1.       DUNCAN GARDENS:  The formal European Renaissance style gardens, directly south of the Gaiser Conservatory, were originally called the Sunken Gardens,  In February of 1941, they were officially renamed in honor of Park Superintendent John W. Duncan, who designed and began developing them in 1912.  During his tenure, the gardens contained many diversified plant species, including rose and perennial gardens.  A grapevine-covered arbor was located near the rose garden at the southern end (the gardens have since been extended farther south).  Over the years, the gardens have undergone a number of revisions.  In 1996, under the direction of Jim Flott, Horticultural Manager for Manito, and Debbie Clem-Olsen, landscape architect, the most recent renovation was completed.  At a cost of about $35,000, funded primarily through Friends of Manito and Associated Garden Clubs of Spokane, the ratio of floral gardens to lawn was increased.  A vibrant array of colorful annuals make Duncan Gardens a popular site for summer chamber music concerts and weddings, and provides a scenic backdrop for photographers.  The focal point of the garden is a large granite fountain, donated in 1956 in memory of Louis M. Davenport by his wife Verus and son Lewis M. Davenport.  Davenport was a longtime park supporter and park board member.

2.       GAISER CONSERVATORY:  Construction of the present greenhouses at Manito Park were completed in April of 1974, replacing those built on the same site in 1912.  The first greenhouses (moved from Liberty Park in 1904) were near the 20th Street entrance to the park.  In 1988 the central dome was enlarged and dedicated to the memory of Dr. David Gaiser , longtime park patron and former park board member appointed by Mayor Neal Fosseen.  This popular attraction, which contains tropical, subtropical and temperate plant specimens from around the world, is open to the public, free of charge, year around.

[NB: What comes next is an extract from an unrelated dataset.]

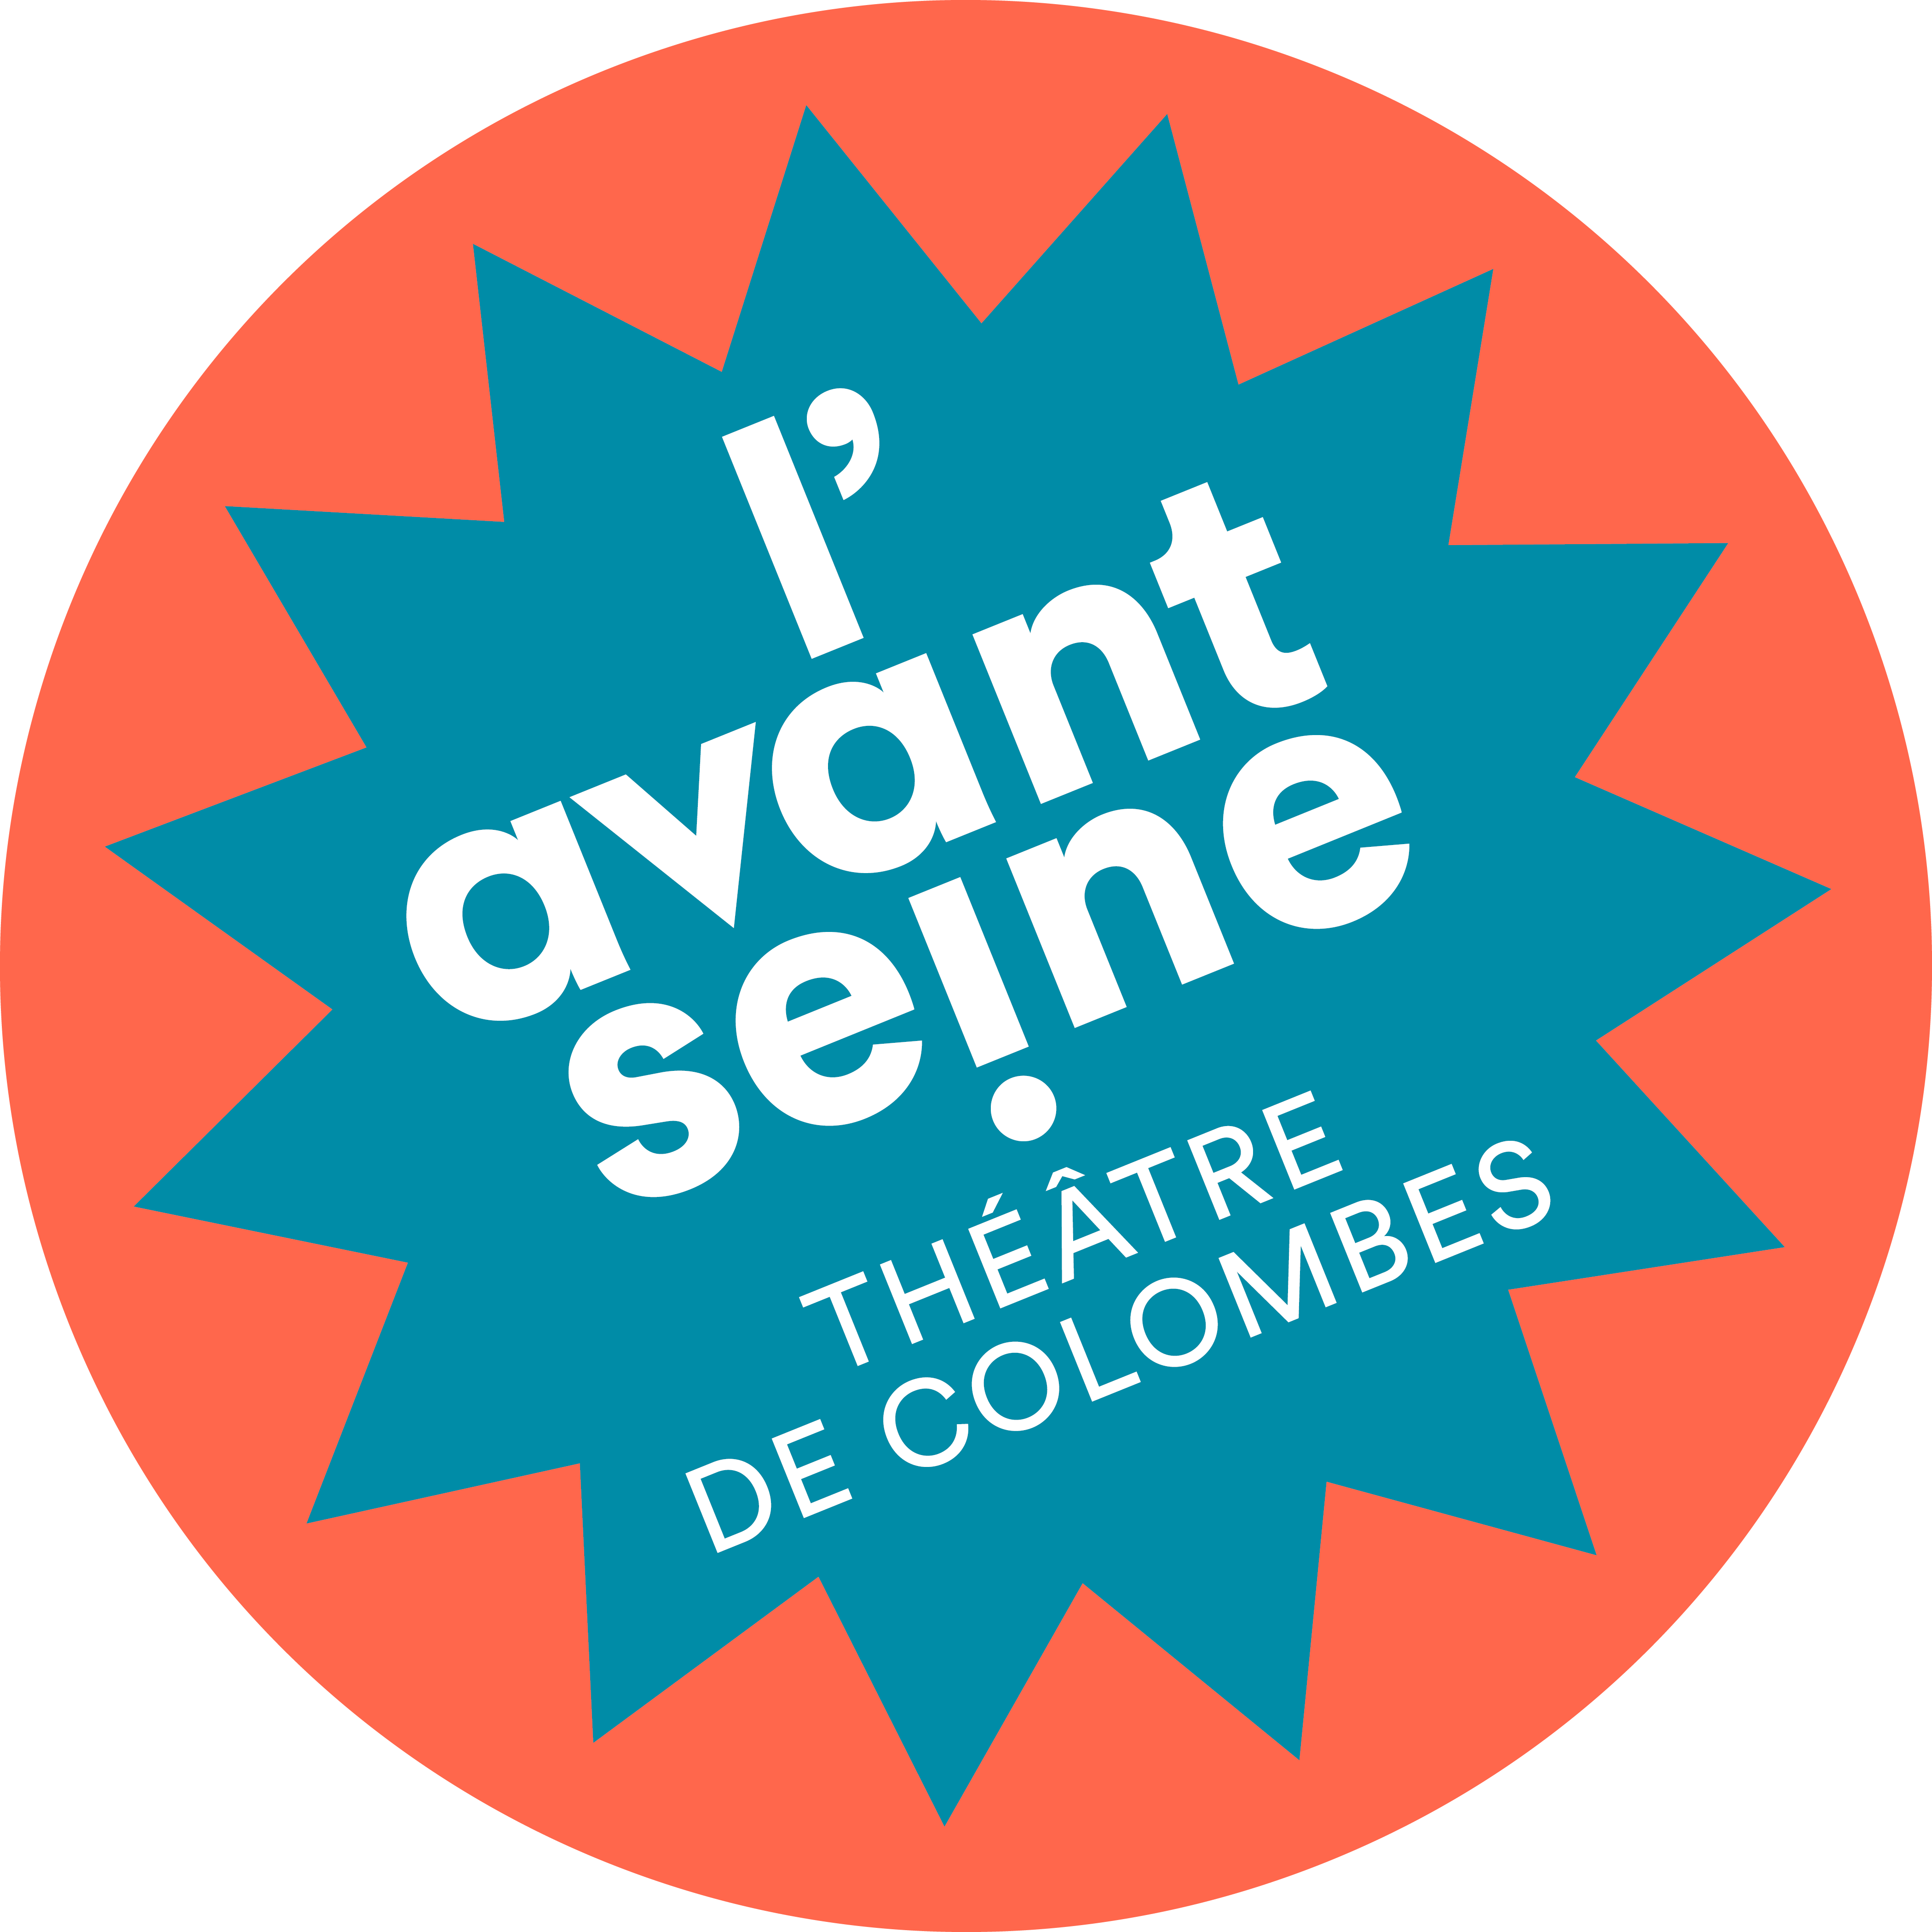 l'Avant Seine / Théâtre de Colombes

3.       JOEL E. FERRIS PERENNIAL GARDEN:  This garden, established by John Duncan around 1940, is located directly north of the office building.  It was named in honor of a former park board member and popular civic leader following his death in 1960.  With over 300 plant species – all identified by markers – it is an ever-changing array of colors and textures during the growing season.  It is an informal counterpart to the Duncan Garden’s formal style.  A memorial bird bath fountain, located at the southeast corner of the garden, was donated to the park by Mr. and Mrs.  Alfred Hengen in memory of their daughter, Helen Hengen, a young Spangle aviatrix who lost her life in 1945 on her final flight for her pilot’s license.  The bird bath is in the center of the Hummingbird and Butterfly Garden.

Tuesday, July 7, 2015

Where did the Duck Pond come from?

The lake at Manito Park, called Mirror Lake during the Montrose Park era, underwent the first of many alterations.  The overall effect of these alterations was a reduction in its size to what is now the duck pond.

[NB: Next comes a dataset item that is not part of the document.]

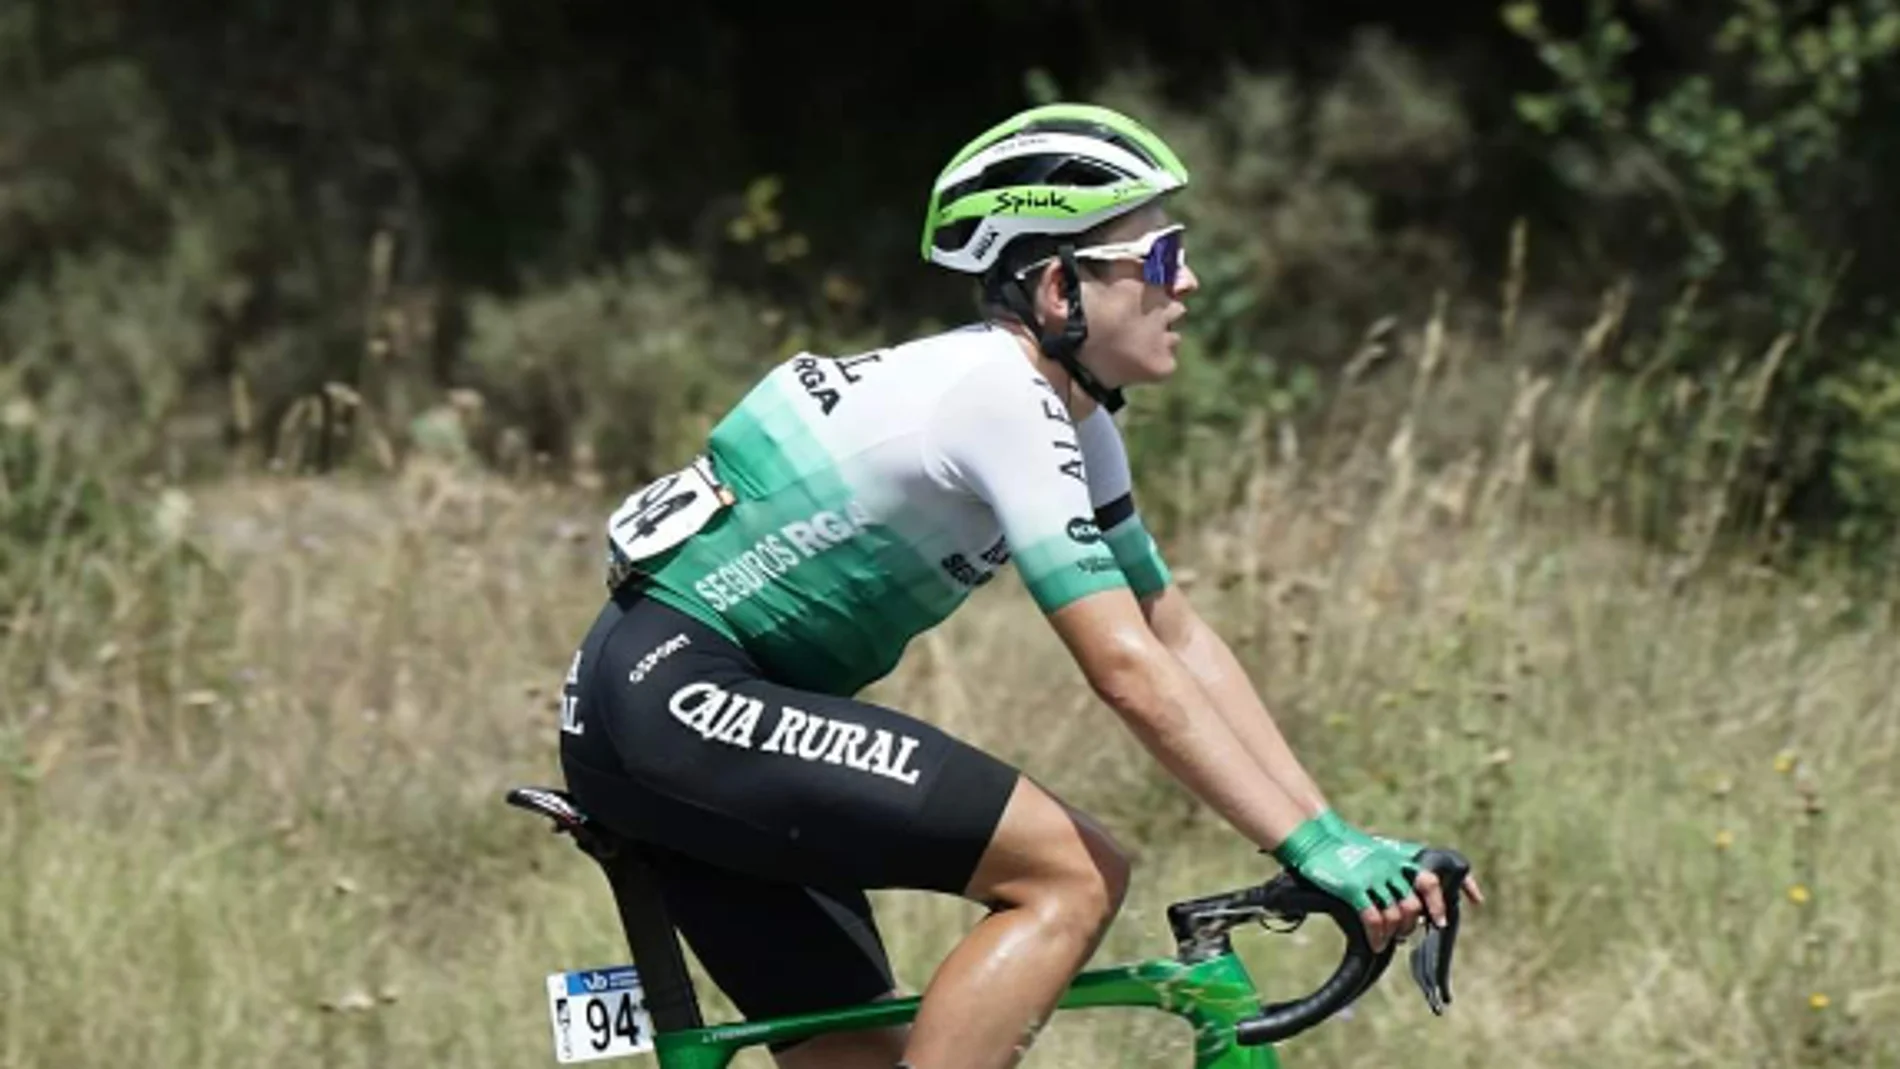 El ciclista Josu Etxeberria en una imagen subida por su equipo a redes sociales

In the early days of the park, the spring-fed lake extended to the edge of Grand Boulevard.  The main body of water was at the present site, with a canal extending to the east.  This canal would almost dry up in the late summer, leaving an unsightly, mosquito-infested swamp.  At the west end of the lake, the water would seep into the nearby lots.  In 1912, in order to contain the water, a concrete wall, founded in bedrock, was built along the north and west sides of the lake.  Water from nearby springs was also diverted to the lake to keep the water level up.  Because of its proximity to the town, the lake had always been a popular place for children to swim, fish or canoe in the summer, and ice skate in the winter.  The changes enhanced the lake for those recreational activities.  Eventually the channel was filled in, and in 1974 a concrete retaining wall and deck were built along the northeast end.  By this time, the lake had long since become a duck pond.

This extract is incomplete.